Lessons to be learned from the nation’s four worst years


We can’t say that we’ve never been caught up in the moment and suggested that the political divisions in the United States are as bad as we’ve ever seen.

And, to be sure, the growing polarization on major issues from wars, budgets, taxes and government service is cause for alarm.

But for anyone who is on the edge of despair, this is the perfect moment for a reality check.

Think not about what is happening today in Washington — or even what’s been happening in our lifetimes, as ugly as it can be some days — but think of what was happening 150 years ago today at Fort Sumter, S.C. There a garrison of union troops was in the final hours of bombardment by rebel forces. The nation was in its first full day of the Civil War, which would stretch out for four years and would be the deadliest war in U.S. history. Even though the raw numbers for casualties are close between the Civil War and U.S. involvement in World War II, by percentage of population the toll between April 12, 1861, and April 9, 1865 is staggering.

In a nation of 31.5 million people, an estimated 625,000 soldiers died, nearly 220,000 from combat wounds. For every soldier fatally wounded on the battlefield, two more died of sickness and other causes. One in 10 died of dysentery. Another 10 percent died in prisoner- of-war camps.

The losses today would have to exceed 6 million to approach the percentage of population.
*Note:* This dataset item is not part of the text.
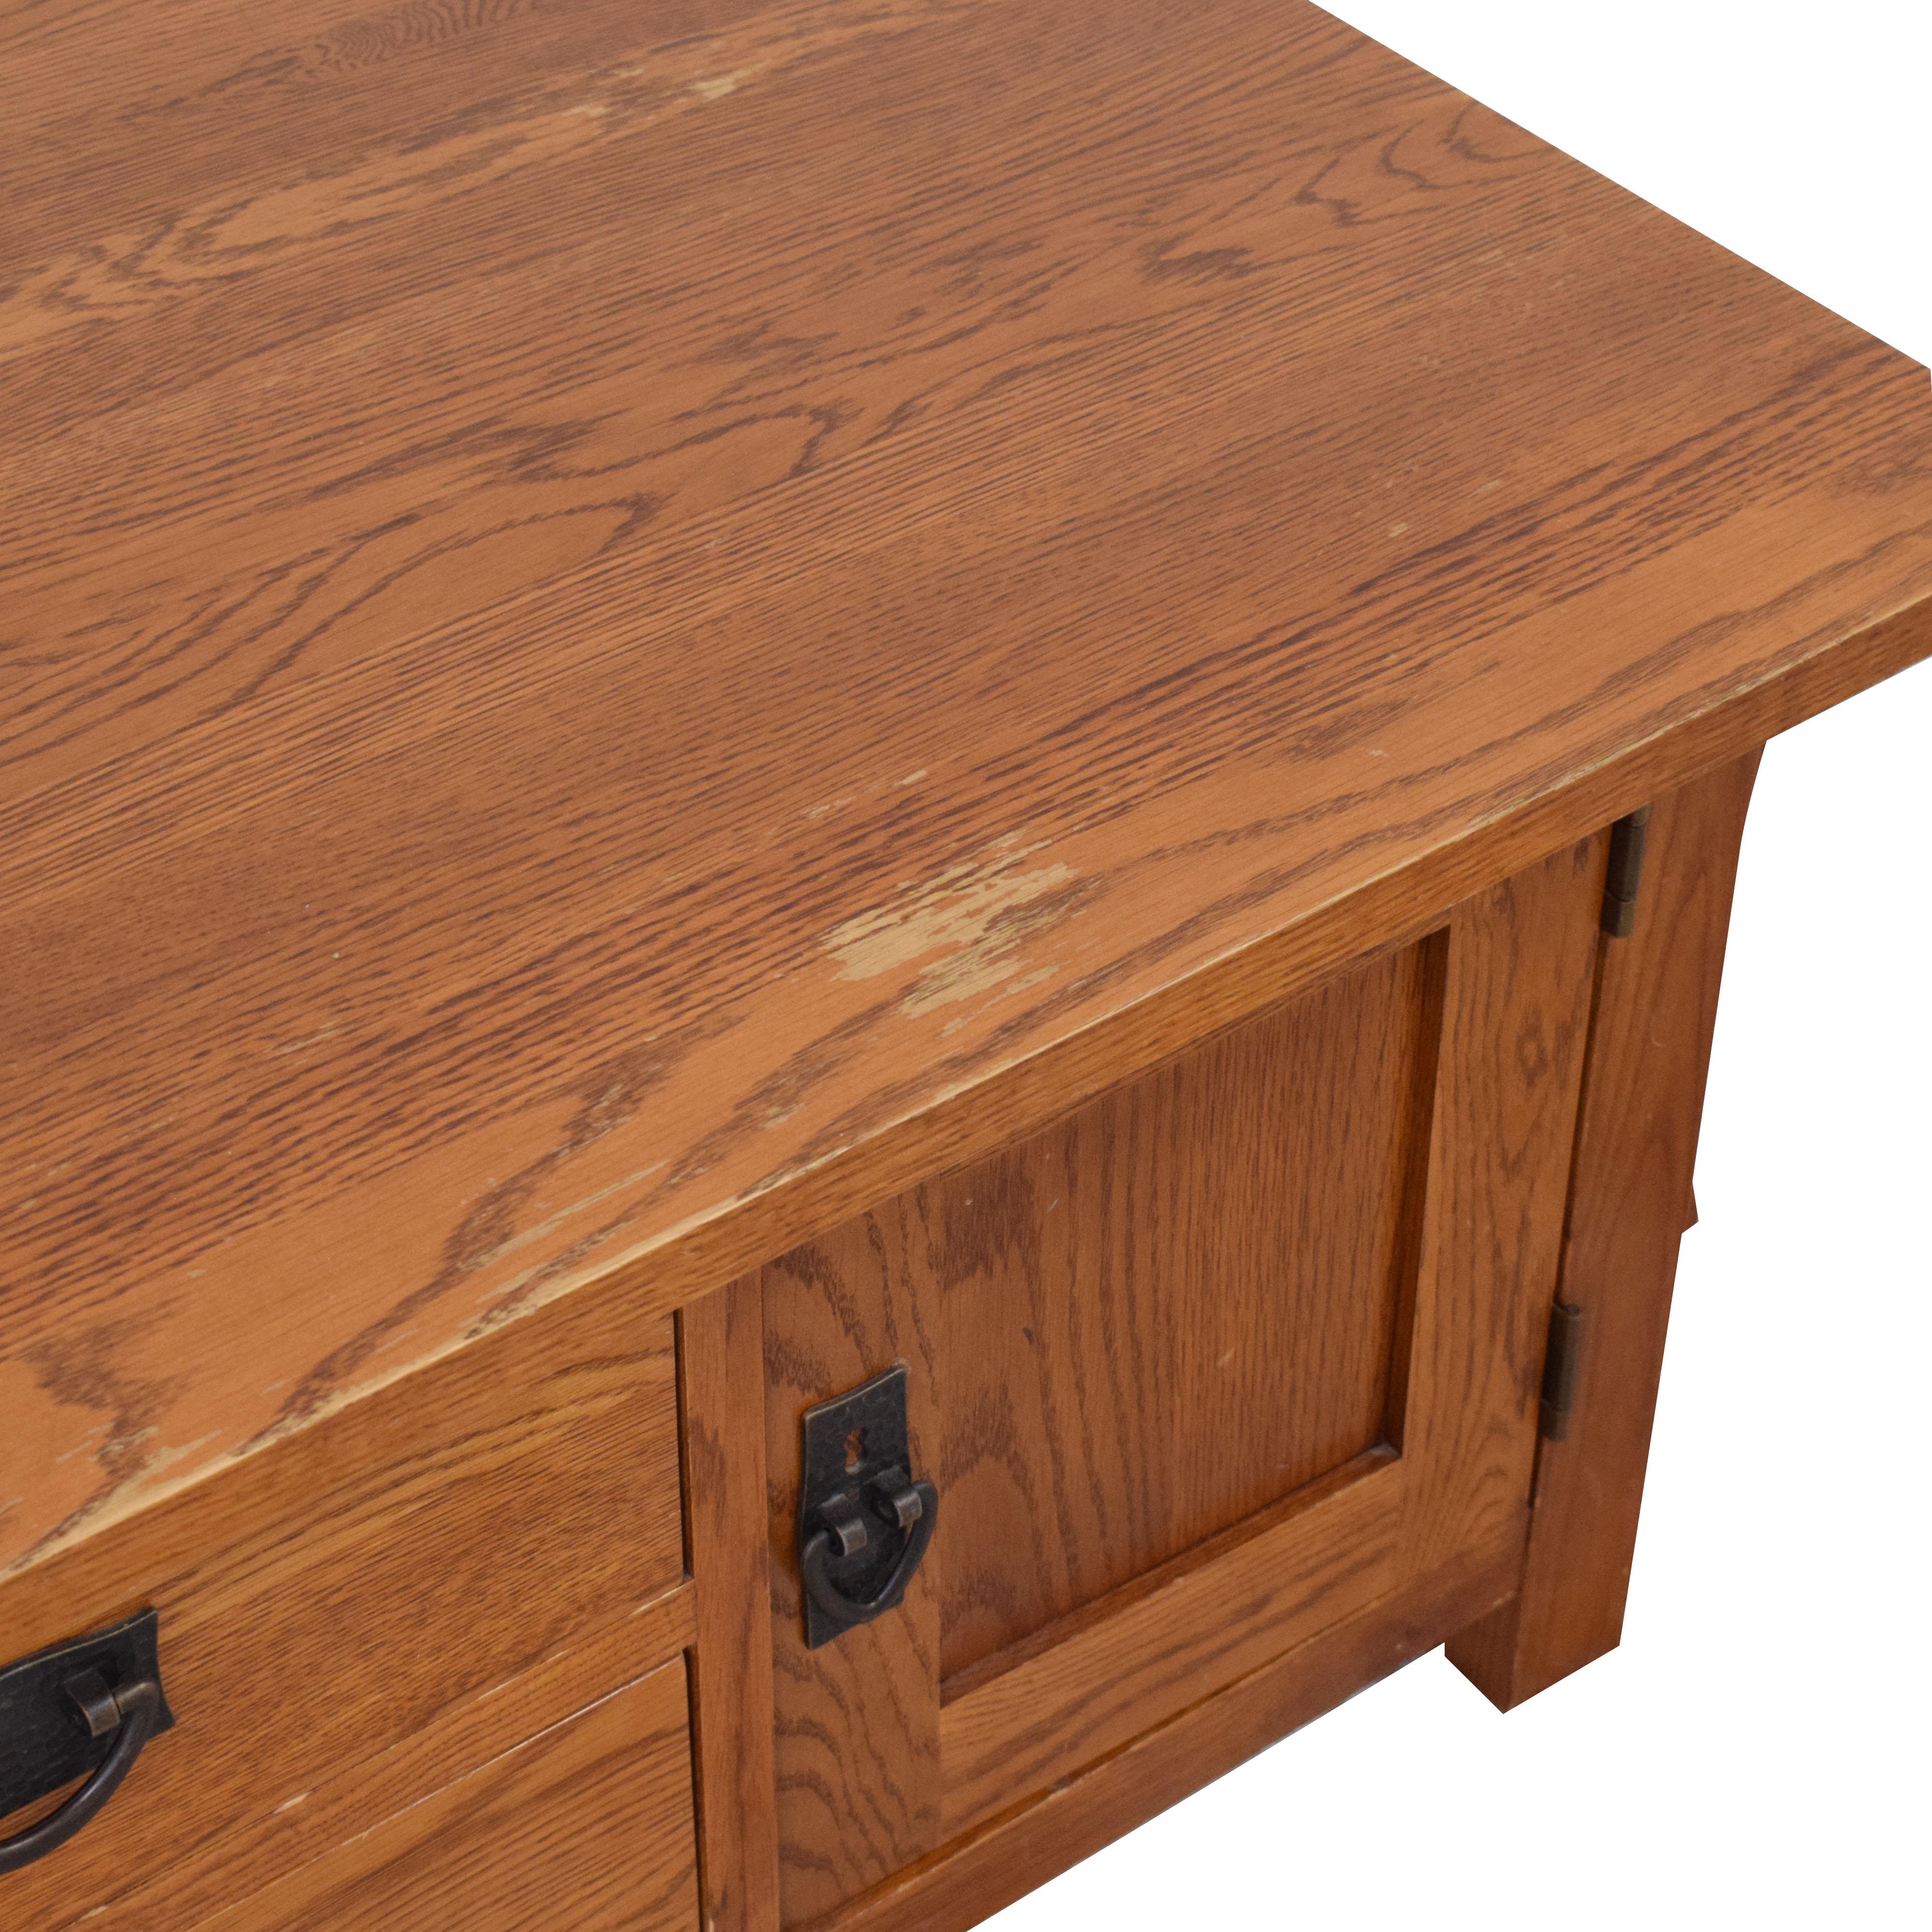 78 Off Kincaid Furniture Kincaid Furniture Coffee Table Tables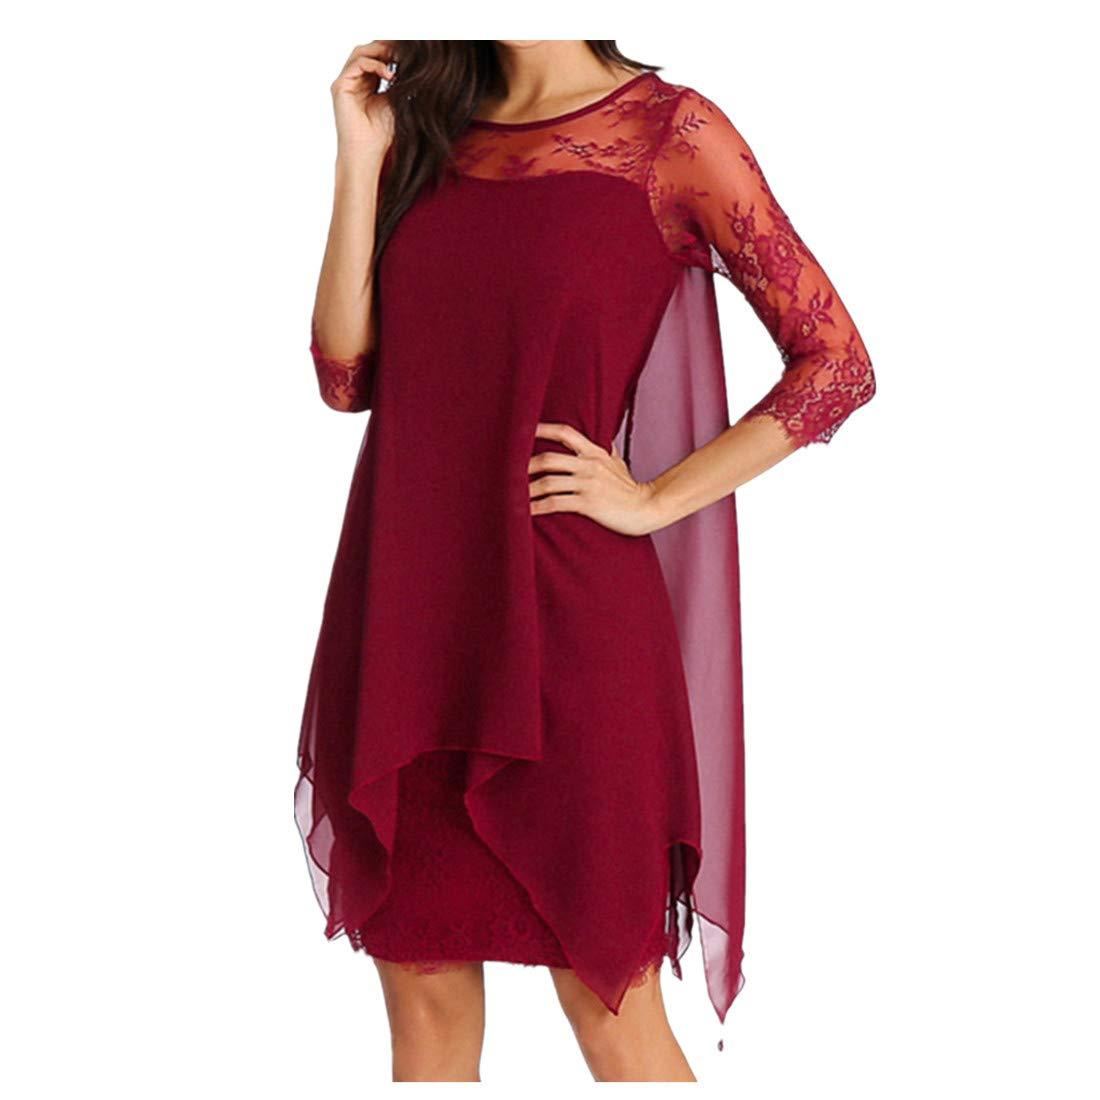 Nadition Ladies Elegant Dress ❤️️ Women Fashion Chiffon Overlay 3/4 Sleeve Lace Shift Dress Summer Evening Party Dress

Ohio, then a state of 1.5 million people, sent 310,654 of its sons to the Union Army. Some 35,500 did not return. By percentage of population, a comparable loss of Ohioans today would exceed 175,000.

Human rights

It is difficult to comprehend, but so much death and so much destruction grew out of a disagreement between one section of the country and another over the abhorrent concept that one man could buy, sell and treat as no more than property another man (or woman or child) based on the person’s race. Historians may argue over what other factors contributed to the War Between the States. But the political reality was that there were free states in the North, slave states in the South and the then-free territories of the Great Plains and the West, which were going to tip the balance of power.

A war that some on both sides foolishly thought would last but days reverberates 150 years later.

Those who referred to the “War of Northern Aggression” turned from Abraham Lincoln’s Republican Party to the Democratic Party for nearly a century. A split between northern Democrats and Dixiecrats in 1948 and Richard Nixon’s Southern Strategy in 1968 were pivotal points in moving Southern states from the Democratic column to the Republican. It should be beneath a country as blessed as this one to have based so much of its politics on race, and yet to varying degrees it continues.

The challenges facing the United States, challenges that we have sent our representatives to Washington to solve, require clear heads and men and women who are capable of reaching necessary compromise without compromising core principles.

However divided we may appear today, neither side subscribes to something as purely evil as slavery. Both sides aspire to solving the problems of one great nation. And that should be what sets the history being written today apart from the tragic history of 150 years ago.